Educational organizations based in the United States

UChannel is a consortium of universities that makes public affairs lectures available to a general audience by distributing free video and audio recordings in many digital formats – for streaming, downloading and broadcast. It was originally launched as the University Channel.

== Origins ==
UChannel charter members are:
- Princeton University's Woodrow Wilson School of Public and International Affairs
- the School of International and Public Affairs at Columbia University
- Middlebury College's Rohatyn Center for International Affairs
- the Lyndon B. Johnson School of Public Affairs at the University of Texas at Austin

The project was incubated at Princeton University's Woodrow Wilson School of Public and International Affairs and launched its website in July 2005.

== Content ==
The collection includes events from dozens of universities around the world, all dealing with issues of public interest such as war, health, media, economy and global developments. Speakers come from the ranks of academics, authors and policymakers, and their presentations are offered to the public uncut and unedited.

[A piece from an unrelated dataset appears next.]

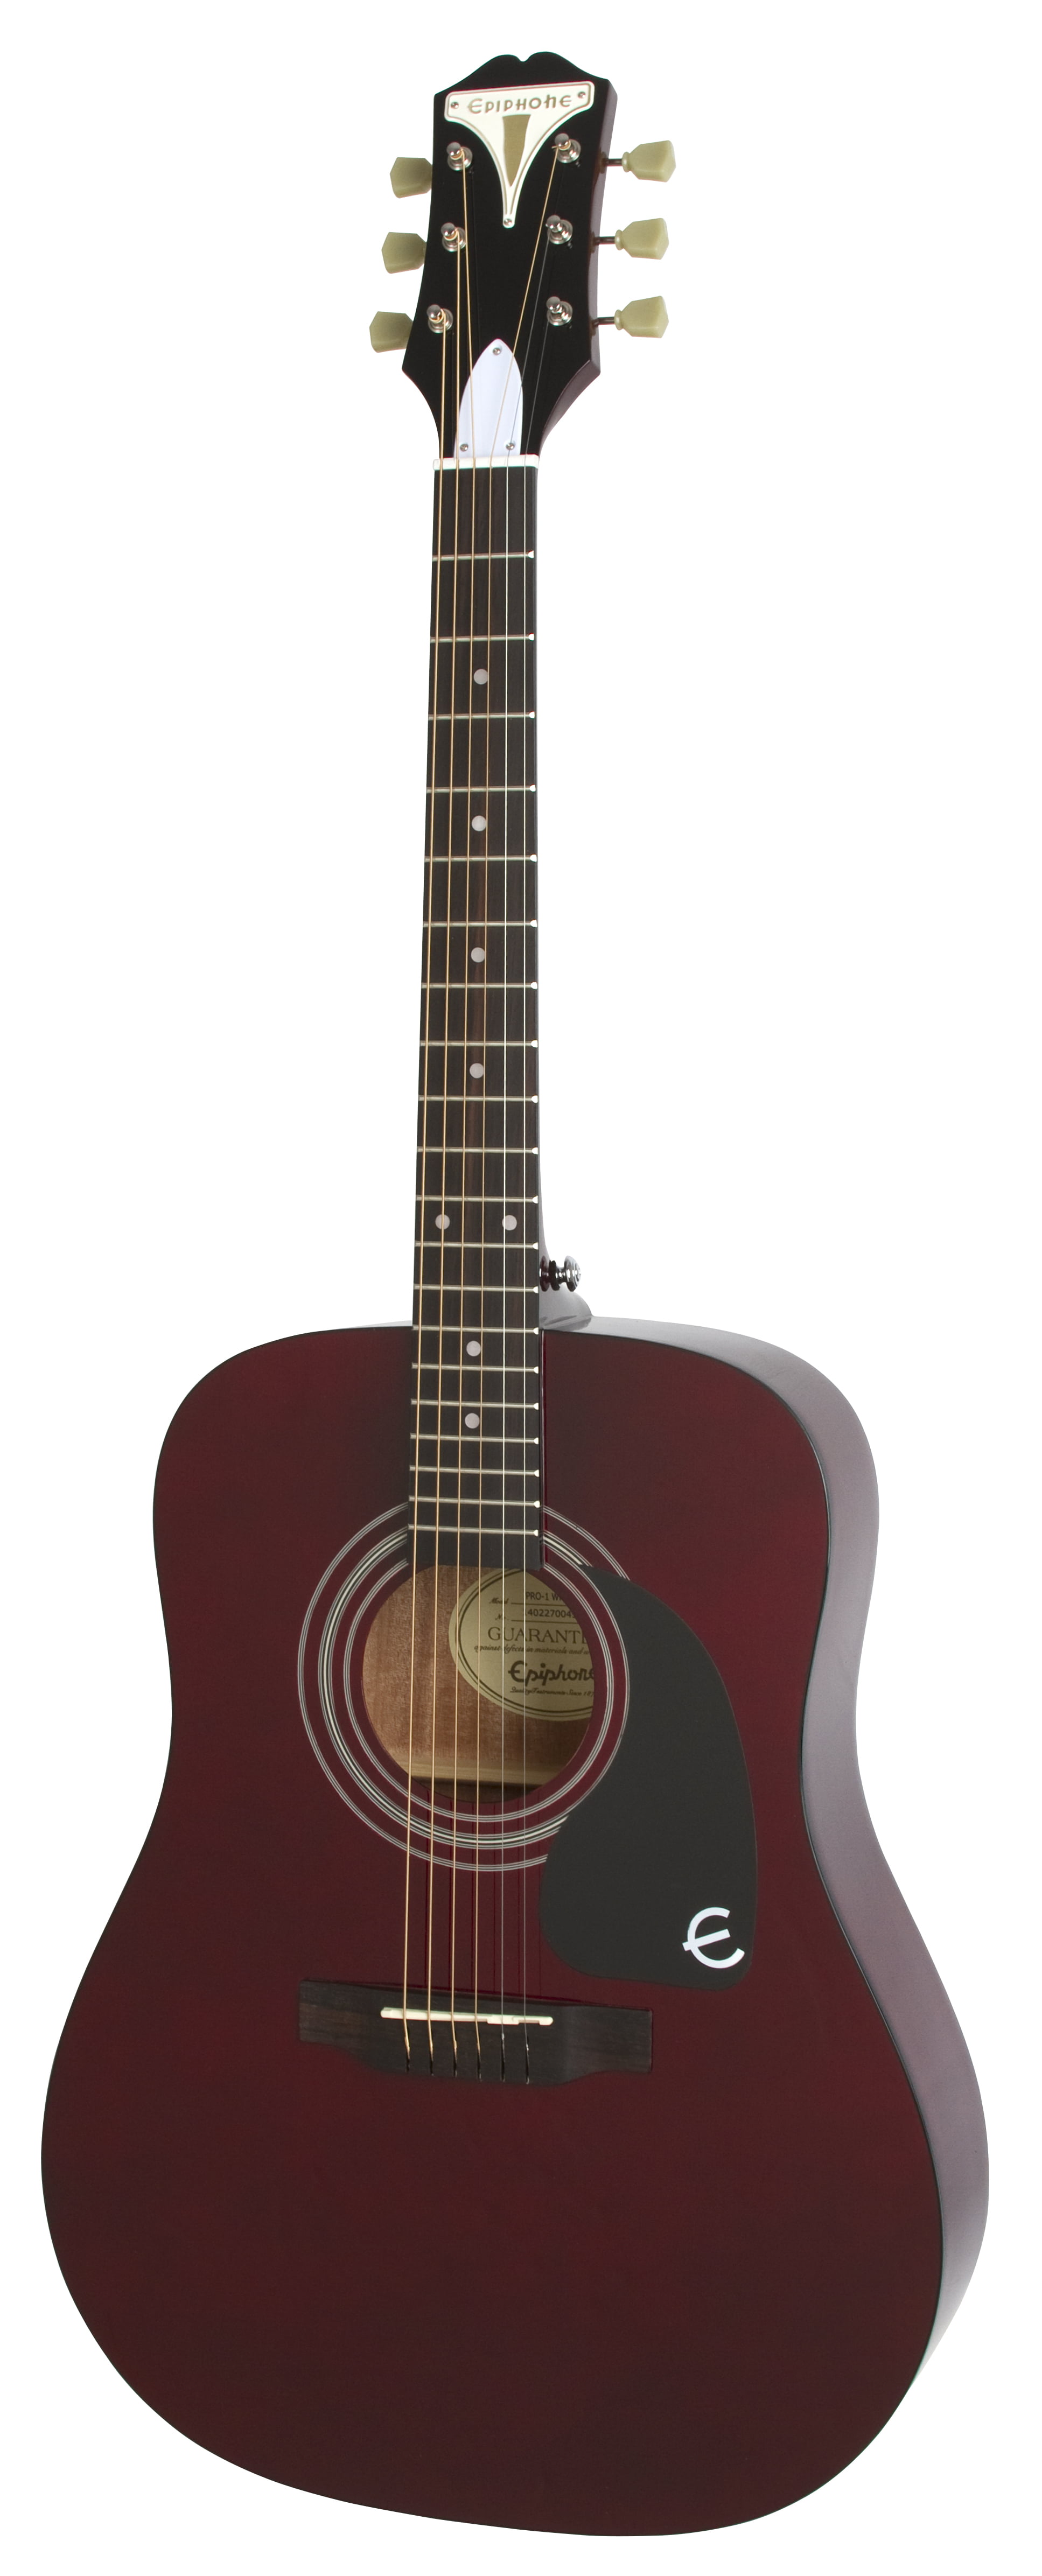  Epiphone PRO 1  Acoustic Guitar Walmart com Walmart com

UChannel's focus is on public and international affairs because, as UChannel's Executive Director Donna Liu explains, "that is where the public stands to benefit the most from having access to the kind of well-researched, dispassionate, reasoned analysis that academia can provide". The content consists largely of unedited, full-length lectures, events and conferences that take place in academia.

== Access ==
Individuals may access the material directly from the UChannel website or via subscription to podcasts via RSS.

Programming is also made available to a variety of TV distributors, including IPTV (Campus Consortium's (previously CampusEAI) Open Student Television Network (OSTN)), cable TV video-on-demand and some of the Public, educational, and government access (PEG) cable TV member stations belonging to the Alliance for Community Media (ACM).